▶ _Activity_:
Omit all pictures, then retype the data exactly as given.

▶ _Dataset excerpt_:
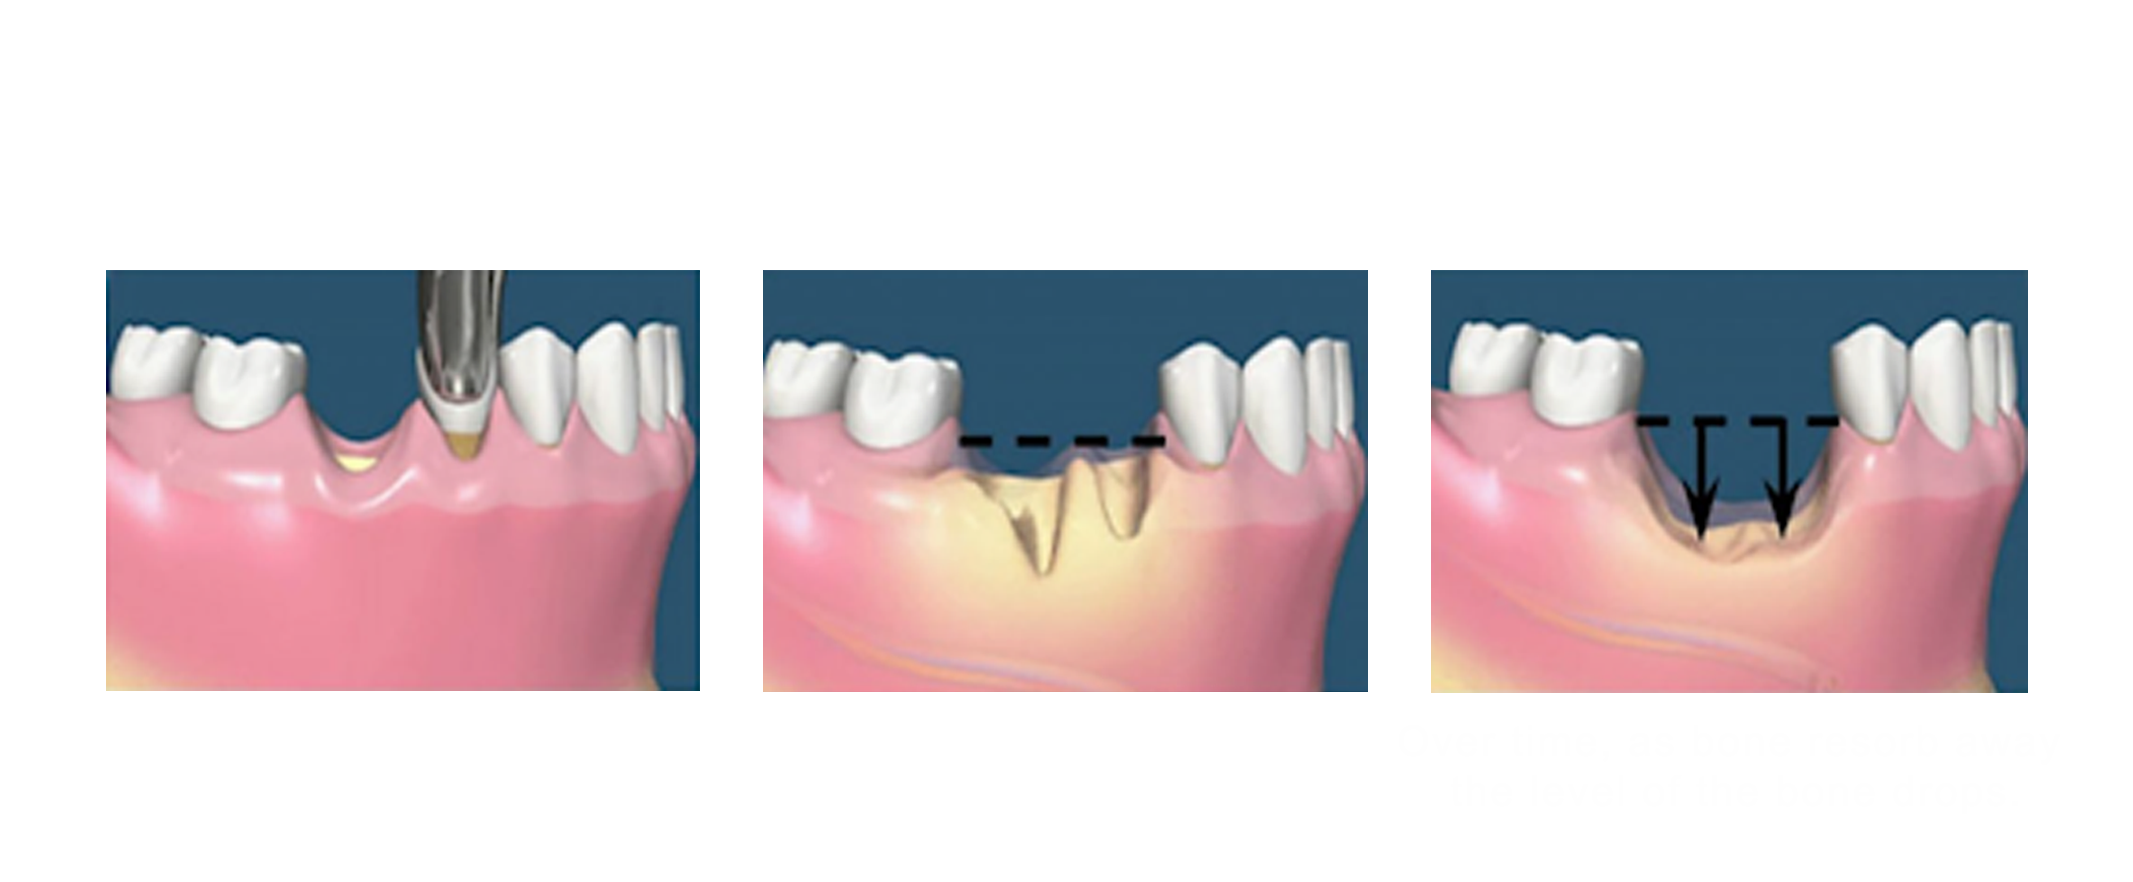 dental implant and bone resorption 3D illustration
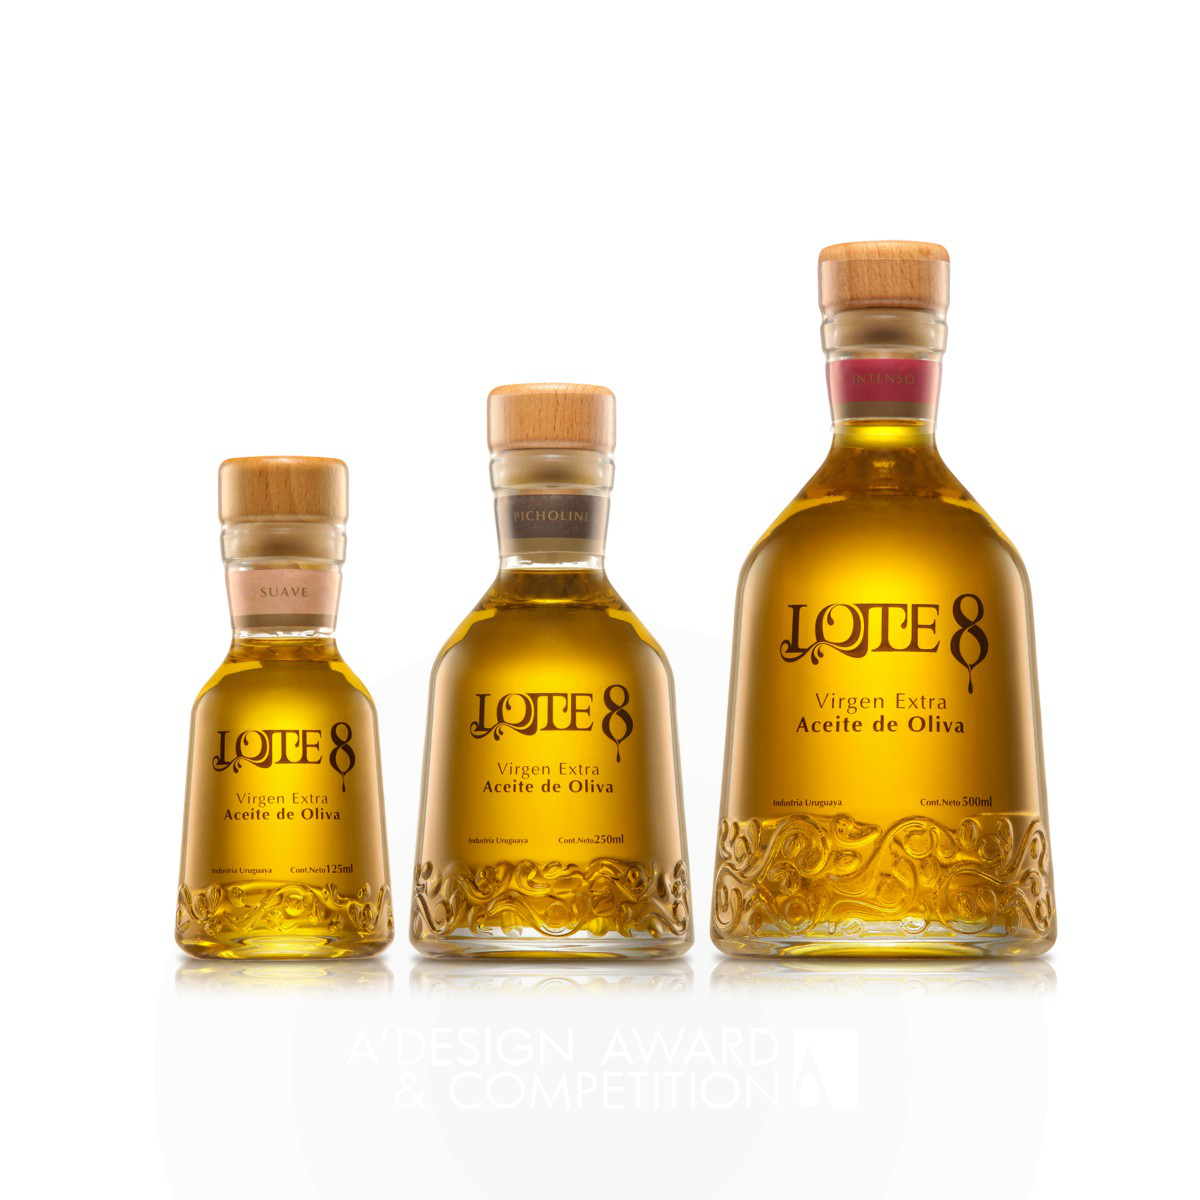 Lote 8 Olive oil Packaging by Tridimage & Paz Martel Bronze Packaging Design Award Winner 2015 
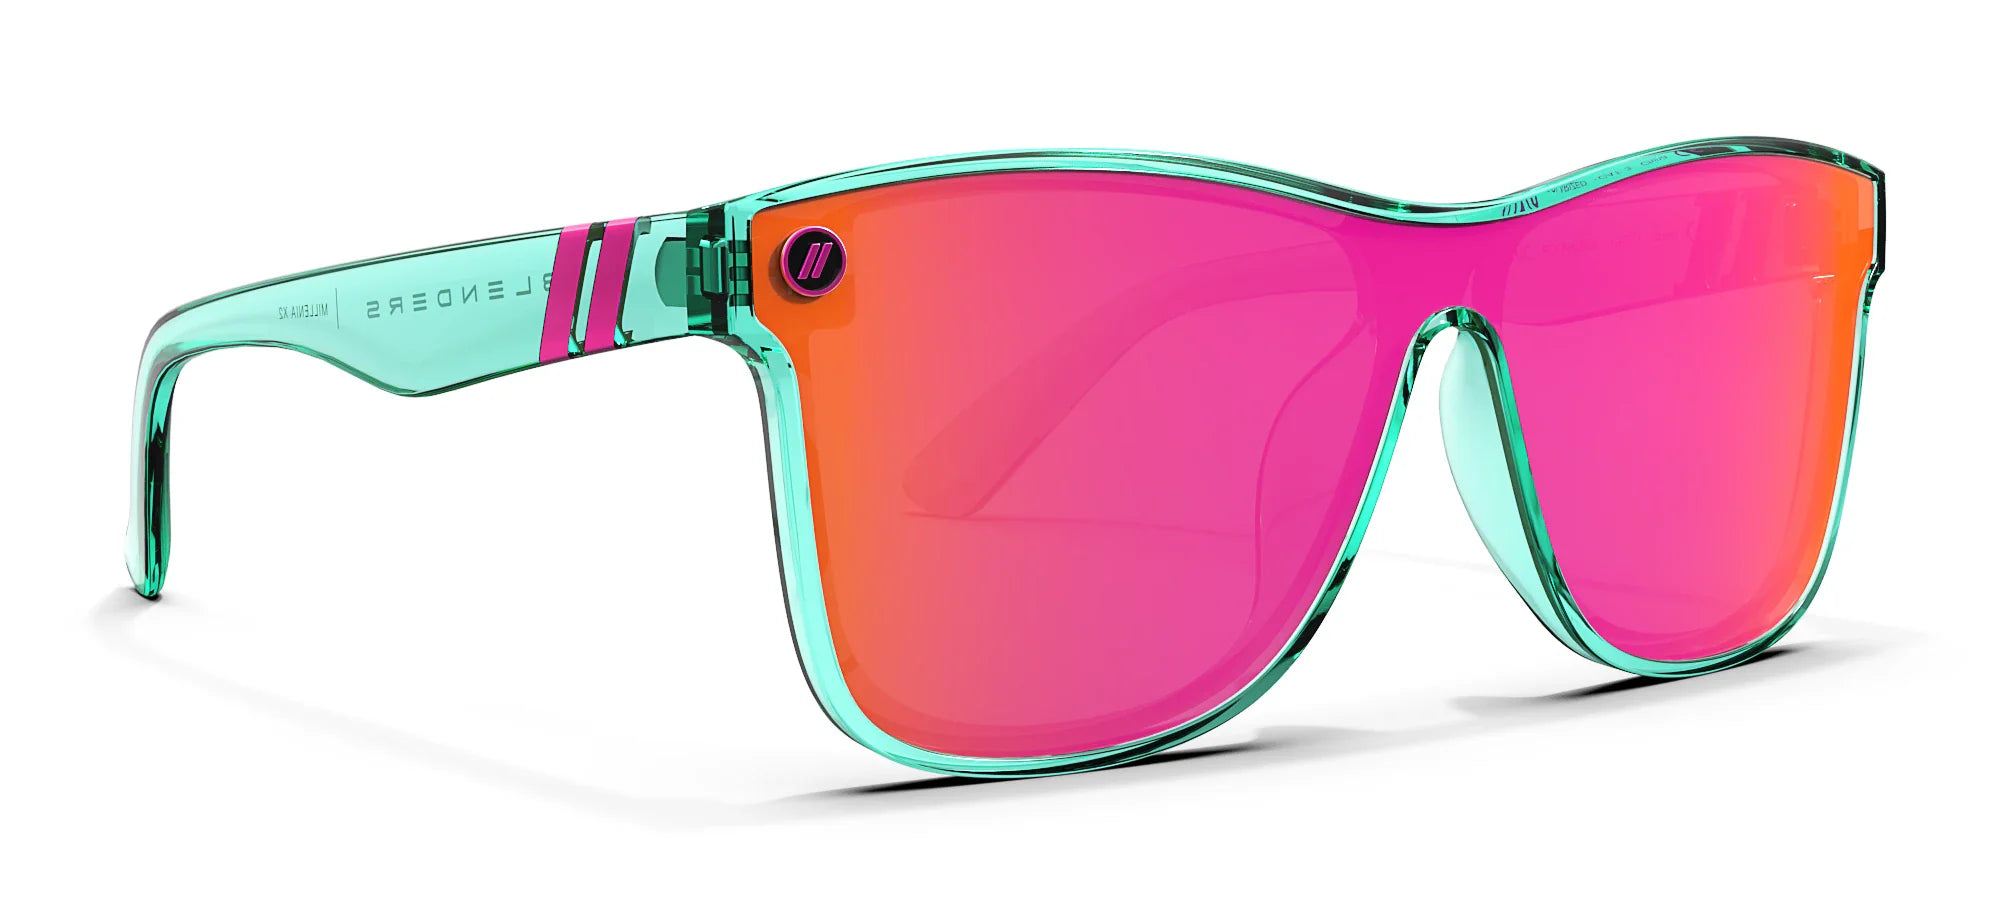 Dance Electric Polarized Sunglasses - Hot Pink Shield Lens & Teal Cat Eye Frame

▶ _Solution to the problem_:
 dental implant and bone resorption 3D illustration
 Lote 8 Olive oil Packaging by Tridimage & Paz Martel Bronze Packaging Design Award Winner 2015 
 Dance Electric Polarized Sunglasses - Hot Pink Shield Lens & Teal Cat Eye Frame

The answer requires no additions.